La contribuente denuncia la violazione del D.P.R. n. 600 del 1973, artt. 36 bis, 38 e 43, in relazione all’art. 360 c.p.c., comma 1, n. 3), sostenendo che una volta decorsi i termini di decadenza prescritti per l’esercizio del controllo formale e la notifica della cartella di pagamento, ovvero decorsi, comunque, i termini per l’esercizio del potere impositivo e la conseguente notifica dell’avviso di rettifica, i dati indicati nella dichiarazione – nella specie il credito di imposta richiesto a rimborso – divengono incontestabili anche nei confronti della Amministrazione finanziaria che non può pertanto opporre tardivi provvedimenti di diniego del rimborso.

2.1 Dalla lettura del provvedimento notificato alla contribuente in data 1.3.2007, integralmente trascritto alle pag. 1 – 3 del ricorso, risulta che l’Ufficio, a seguito del controllo della dichiarazione dei redditi Mod. 740/95 presentata dalla contribuente dalla quale emergeva "un’imposta a credito IRPEF a tassazione separata per l’anno 1994 di lire 487. 737.000", ha "corretto" tale dichiarazione inserendo i proventi percepiti dalla C. a seguito della liquidazione della società tra i "redditi di capitali" da indicare nel mod. 740 al Quadro I Sez. 2^, ed evidenziando i diversi risultati contabili in un prospetto di liquidazione della imposta ove venivano posti a confronto i differenti calcoli effettuati dalla contribuente (credito di imposta) e dall’Ufficio (debito di imposta). Il dispositivo del provvedimento conclude nei termini di seguito riportati "Da quanto sopra risulta non emergere alcun credito, e quindi non spettante il rimborso da lei richiesto".

La Commissione tributaria della regione Lombardia ha qualificato tale atto come "provvedimento di diniego di rimborso" ritenendolo sottratto quindi tanto alla disciplina dell’art. 36 bis, quanto a quella del D.P.R. n. 600 del 1973, art. 38 e 43. La ricorrente sostiene invece che con il provvedimento in questione l’Ufficio ha inteso riliquidare o rettificare la dichiarazione presentata dalla contribuente, oltre i termini di decadenza previsti dalle norme tributarie per l’esercizio dei predetti poteri amministrativi.
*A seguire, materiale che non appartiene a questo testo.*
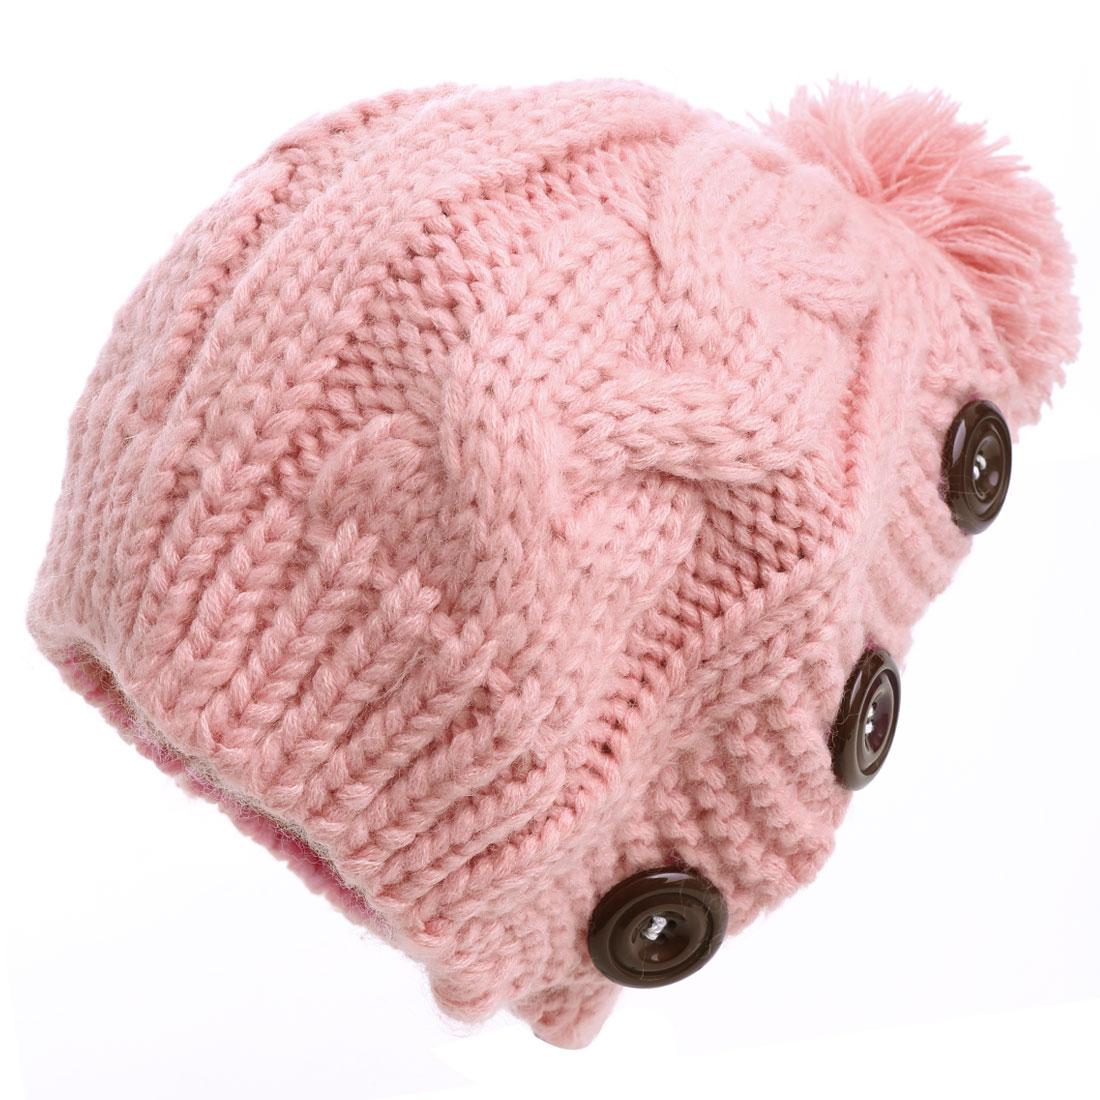 Lady Pom-pom Braided Detail Stretchy Pink Knitted Beanie Hat

2.2 Tanto premesso in fatto, la censura. ove rivolta a contestare l’esame e la valutazione da parte della CTR del contenuto del provvedimento, si palesa inammissibile in relazione alla errata individuazione del parametro di legittimità invocato, atteso che in tal caso non viene in questione la violazione o falsa applicazione delle norme fiscali sul potere di accertamento della PA (art. 360 c.p.c., comma 1, n. 3), quanto piuttosto la – asserita – erronea valutazione ed interpretazione del contenuto del provvedimento amministrativo opposto, denunciabile esclusivamente sotto il profilo del vizio di motivazione ex art. 360 c.p.c., comma 1, n. 5).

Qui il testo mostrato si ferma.